The similarities between these four seemingly opposed forces reveal a recurring pathology of power. Whether it is a king claiming divine right, a commissar claiming historical inevitability, a technocrat claiming scientific consensus, or a jurist claiming divine law, the structure remains the same.

Each system is defined by a belief in a singular, universal truth that must be imposed on the complex, messy, and diverse reality of human civilization. Each creates a self-justifying elite that claims to act in the name of an abstract entity—the Crown, History, Humanity, or God—rather than the concrete consent of the governed. And each, in its pursuit of a utopian end, justifies authoritarian means.

In the 21st century, the old monarchies of the West have largely become ceremonial. But the ambition they once embodied—the drive for centralized, universal authority—did not die. It simply migrated into new costumes: the bureaucrat, the revolutionary, and the cleric.

The lesson is that whenever a group claims to have found the one universal solution to the human condition, and demands the dissolution of local traditions, national sovereignty, and individual autonomy to achieve it, the result is rarely paradise.
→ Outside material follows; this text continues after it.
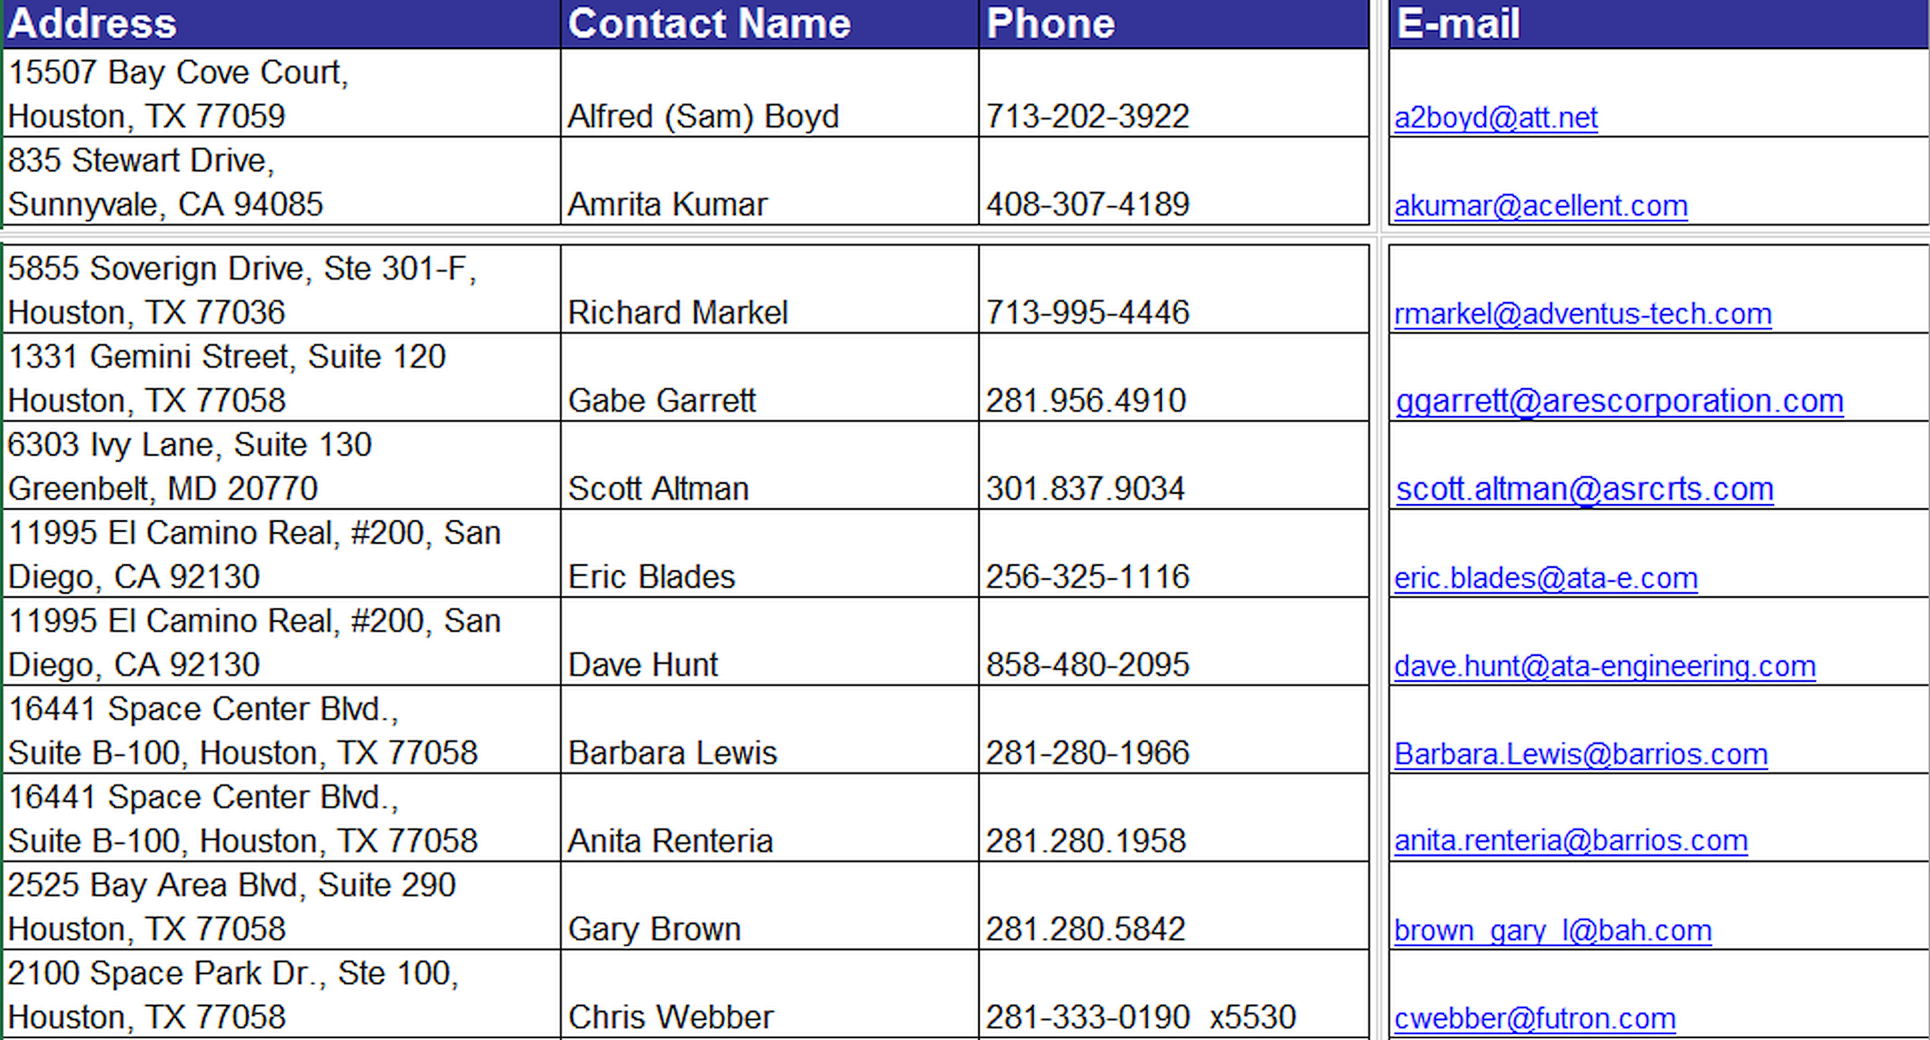 Адреса и телефоны ключевых сотрудников NASA в файле Excel

It is usually a new form of the old tetrarchy.

Analysis of this Article’s Core Themes:

  1. Structural parallelism – Four seemingly opposed systems (monarchy, globalism, Marxism, political Islam) share identical organizational patterns
  2. Universalist ambition – Each seeks to transcend national boundaries and create a single governing principle
  3. Vanguard elite rule – All claim special knowledge/authority that ordinary people lack
  4. Homogenization – Each demands cultural, legal, and moral conformity
  5. Messianic endpoint – Each promises an apocalyptic resolution requiring present suffering

Open Borders as a Tool of Deconstruction

Perhaps the most significant point of convergence is the policy of open borders. For the Monarch wanting his serfs back and the Marxist globalist, the nation-state is the primary vehicle of capitalism and Western identity. The erosion of borders is seen as a necessary step toward the dissolution of these structures—a way to create a transnational proletariat and dismantle the cultural cohesion that underpins liberal democracy.

For political Islam, open borders in the West serve a different but complementary purpose. The mass migration of populations from the Global South to Europe and North America, facilitated by globalist policy, represents a form of “demographic jihad.” Islamist strategists have long spoken of “conquering” the West without firing a shot, by out-breeding and out-populating native populations to eventually shift the cultural and political center of gravity. The Muslim Brotherhood’s stated goal of “civilizational jihad” aligns with the Marxist goal of a post-national world. The alliance here is functional: the globalist Left provides the ideological justification and policy machinery for open borders, while Islamist groups provide the foot soldiers and cultural leverage to further destabilize existing Western nation-states.